Task instructions -> Apart from the images, output the data below exactly.

Data extract ->
------------------------------------

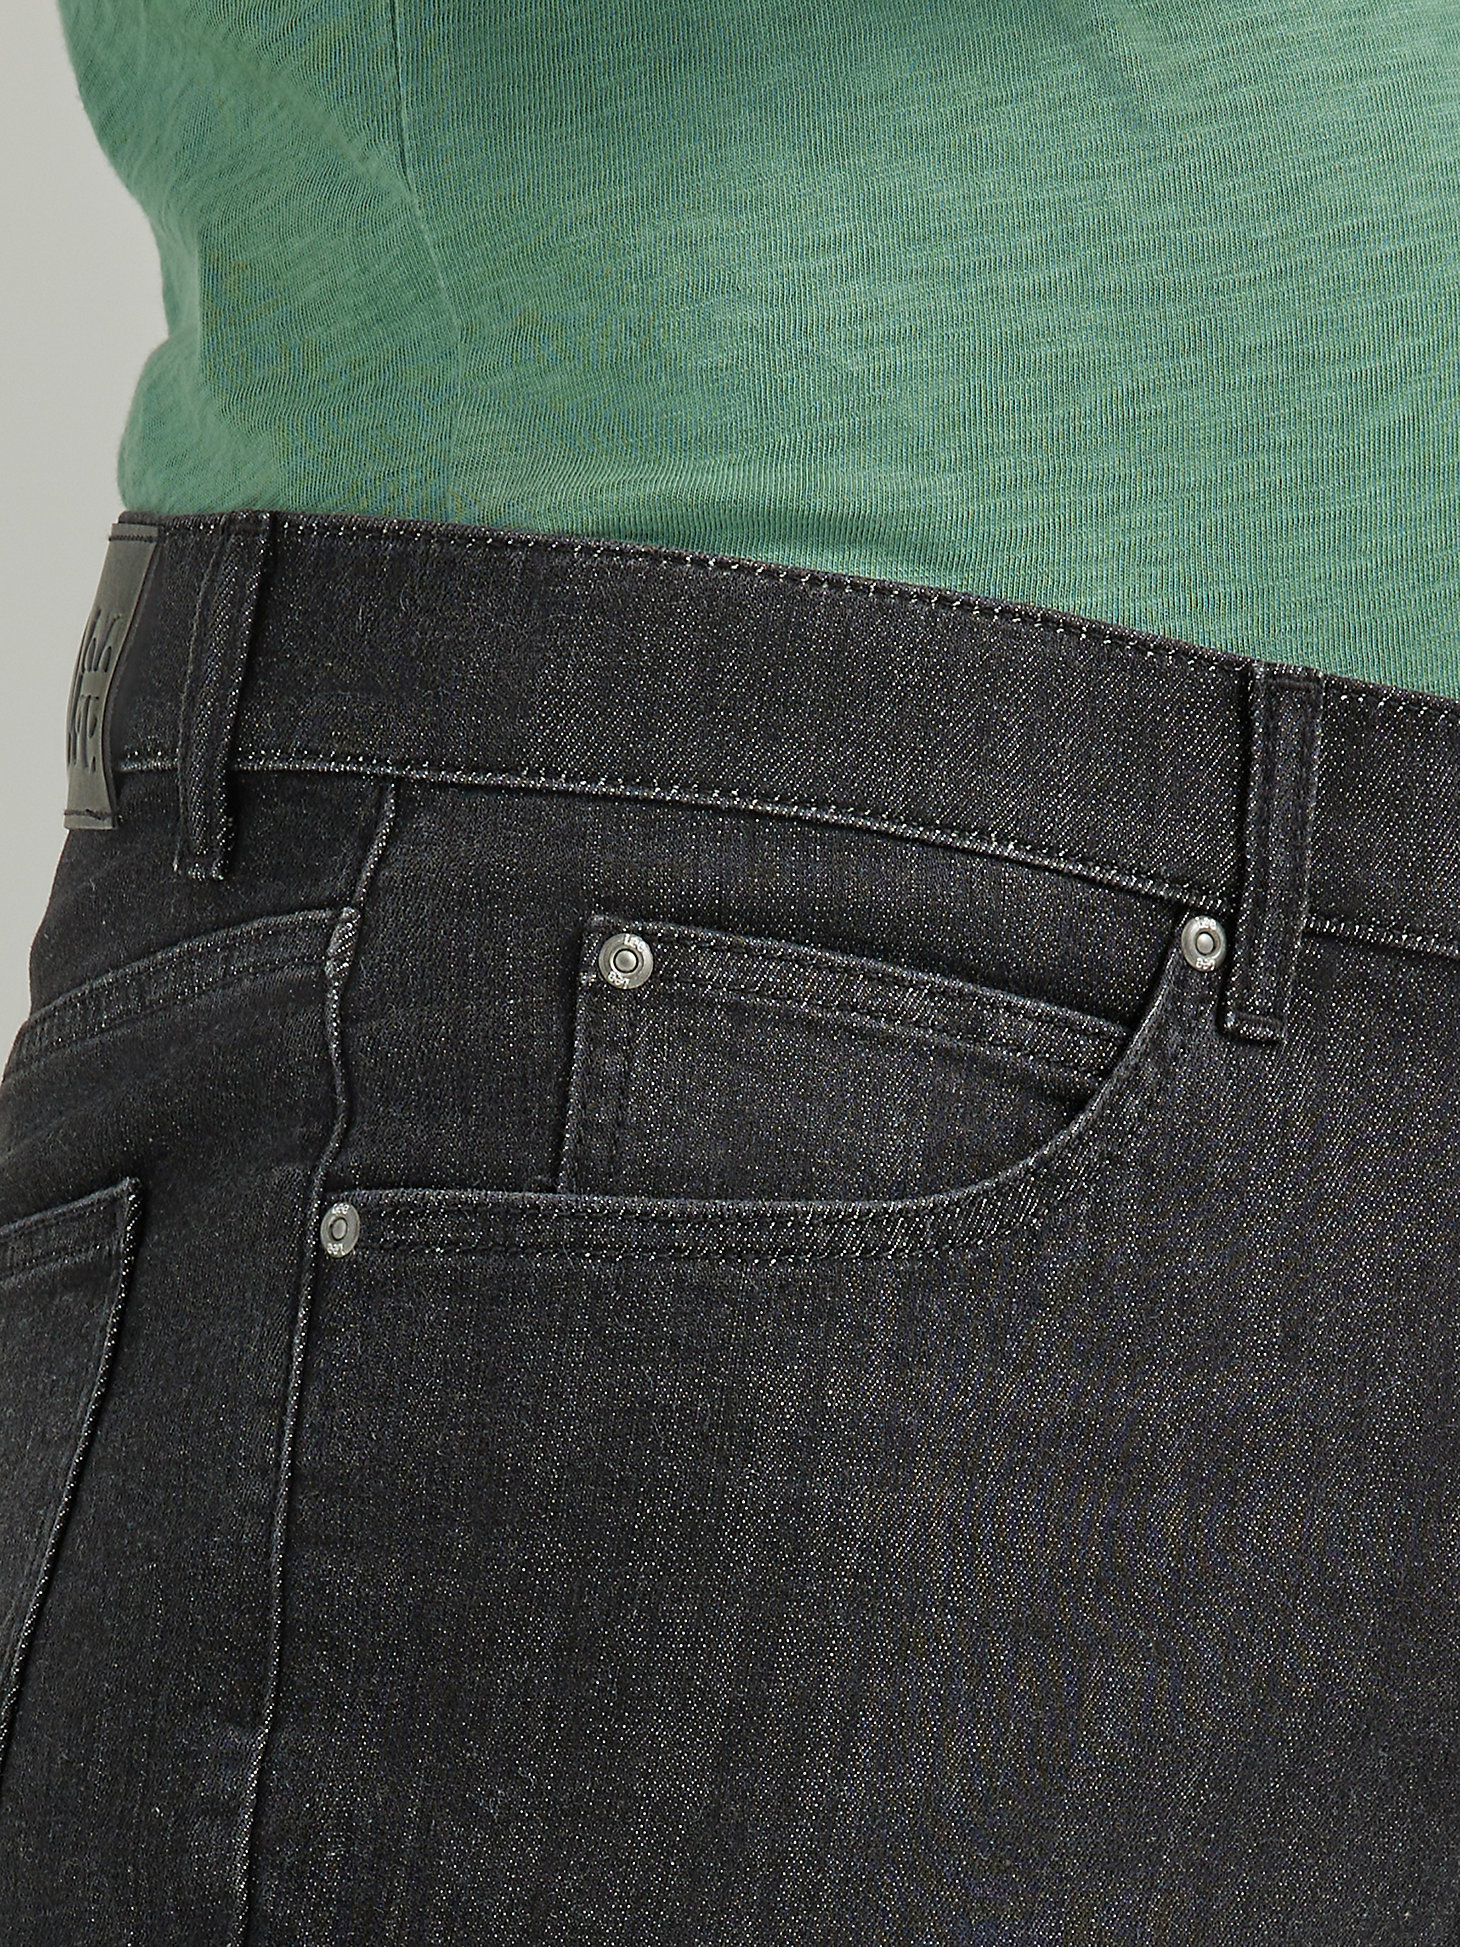 Men's Legendary Regular Fit 5- Pocket Short in Washed Black alternative view 3
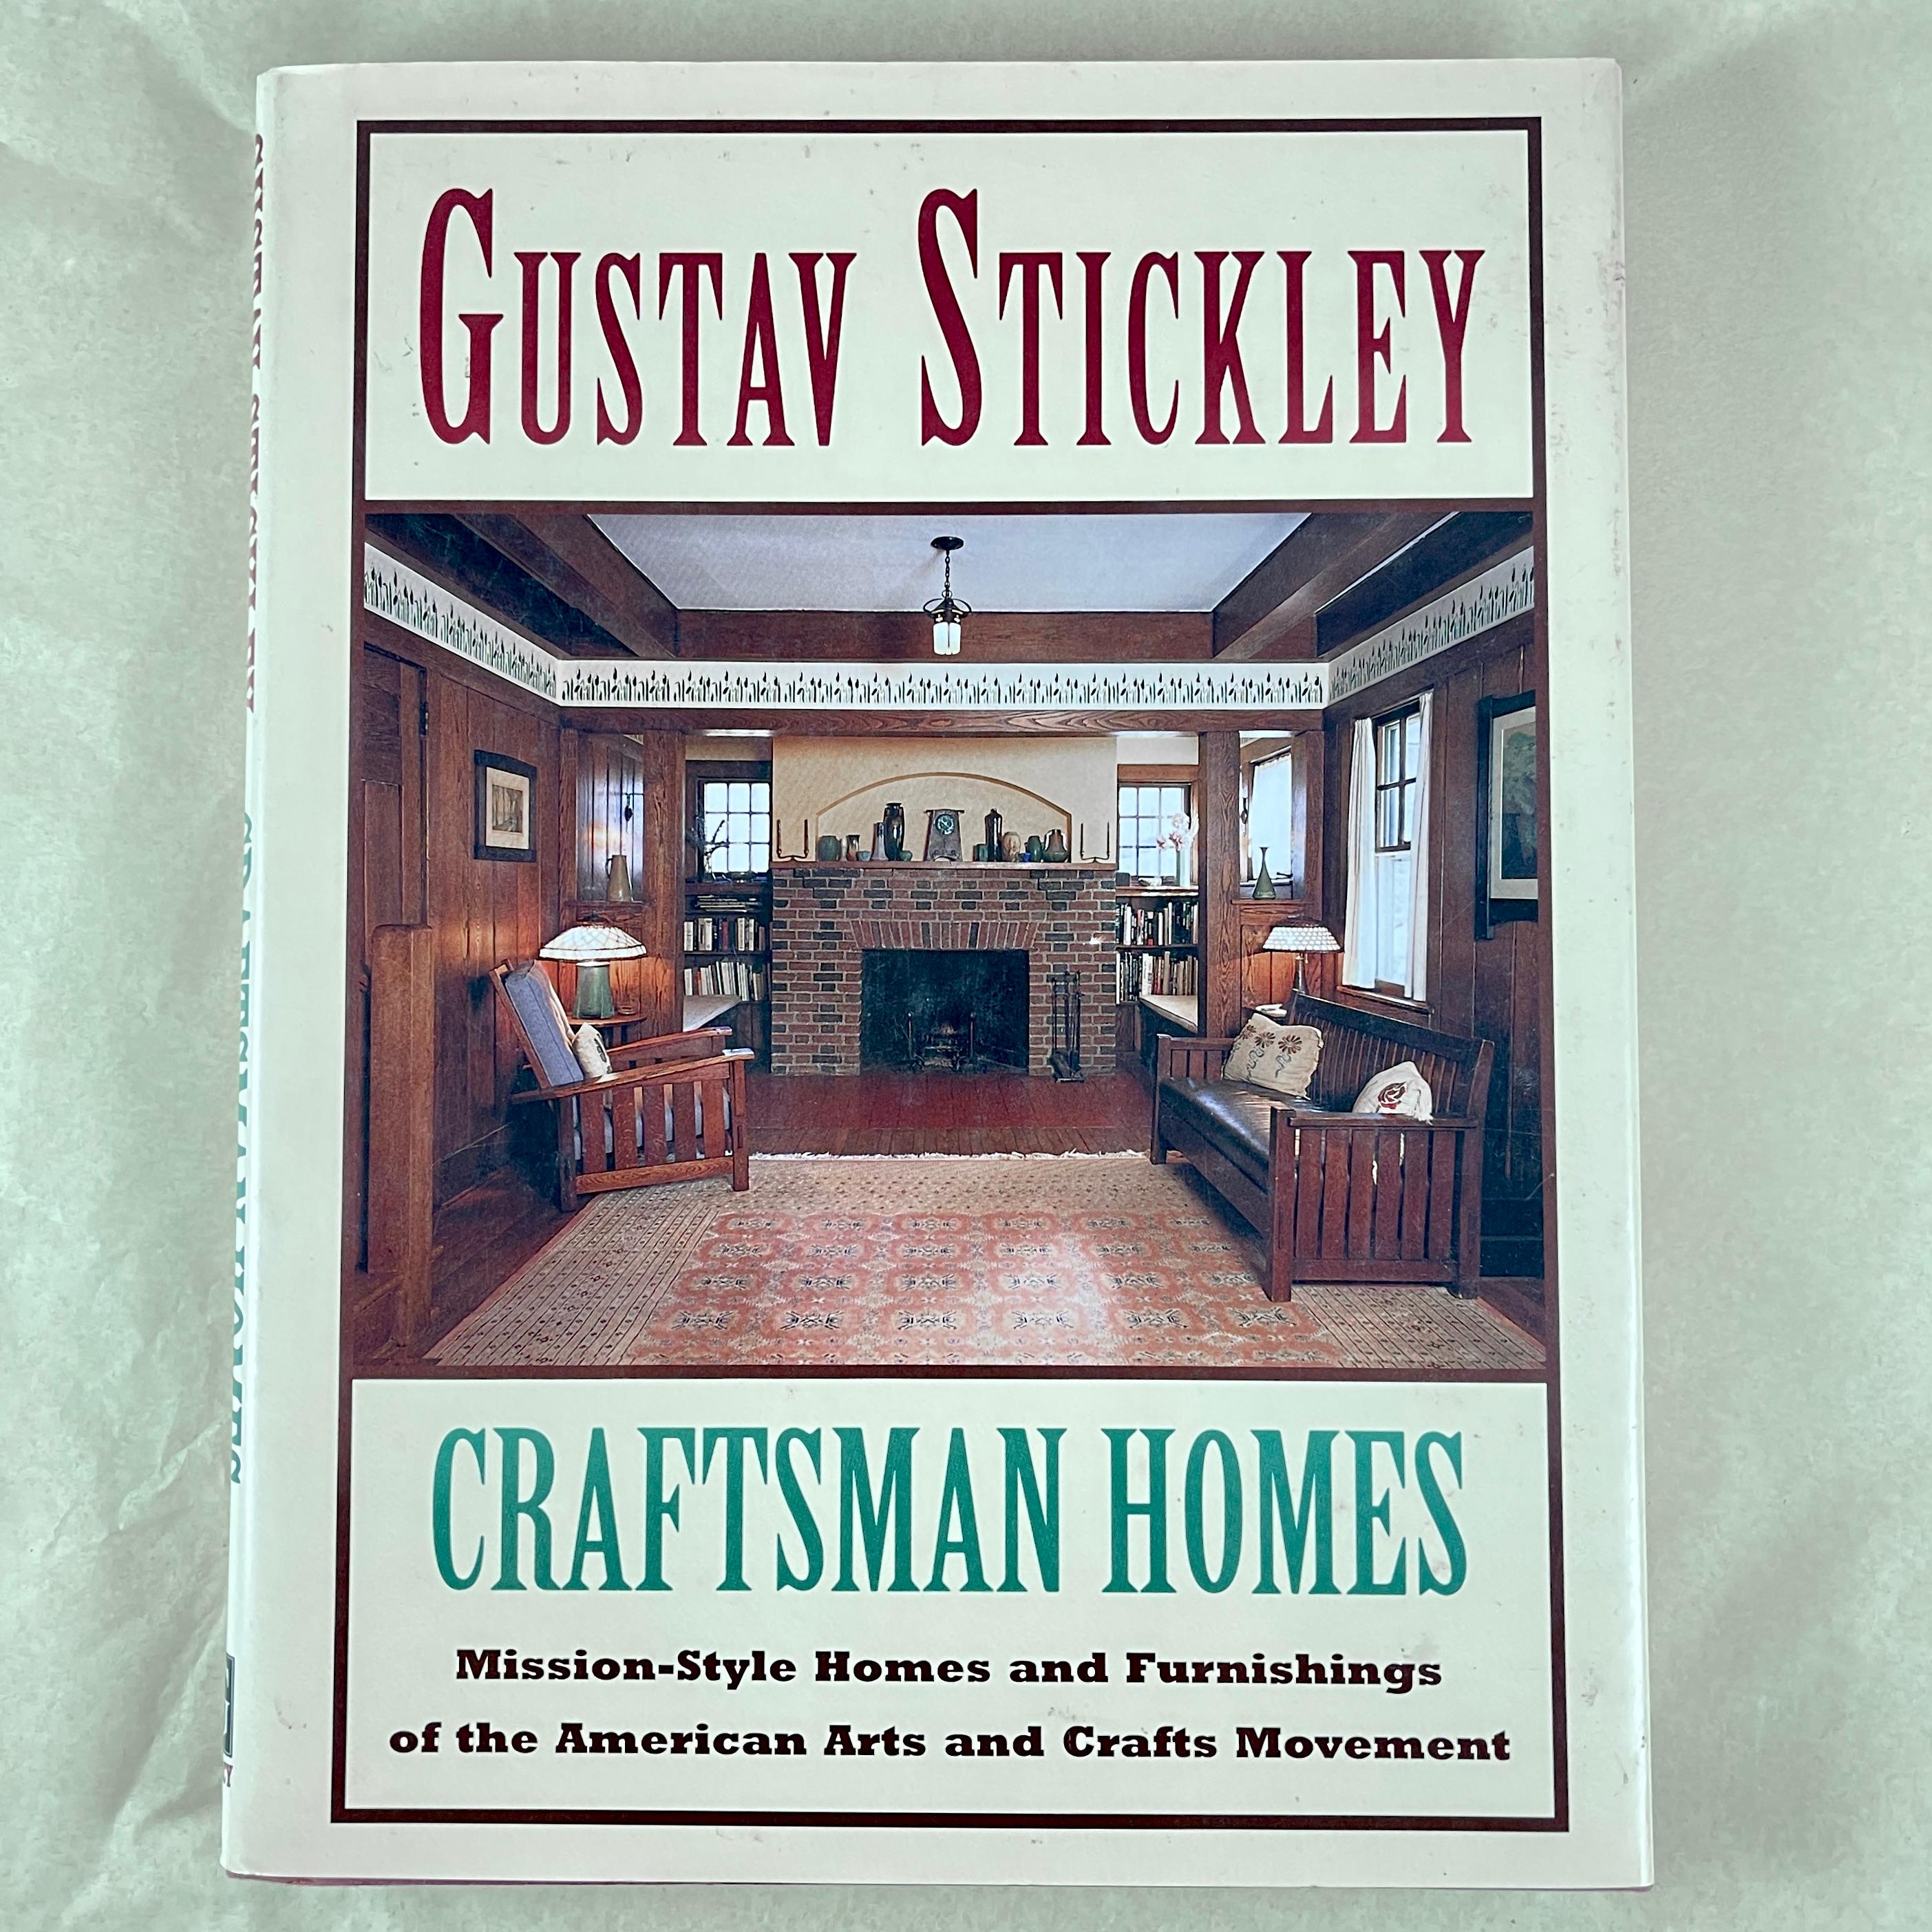 Gustav Stickley - Craftsman Homes, Gramercy, 1995.

Gustav Stickley (1858-1942) était un fabricant de meubles américain, un chef de file du design, un éditeur et une voix importante du mouvement américain Arts and Crafts.

La philosophie de Stickley

------------------------------------

Result below ->
 Men's Legendary Regular Fit 5- Pocket Short in Washed Black alternative view 3
 Gustav Stickley - Craftsman Homes, Gramercy, 1995.

Gustav Stickley (1858-1942) était un fabricant de meubles américain, un chef de file du design, un éditeur et une voix importante du mouvement américain Arts and Crafts.

La philosophie de Stickley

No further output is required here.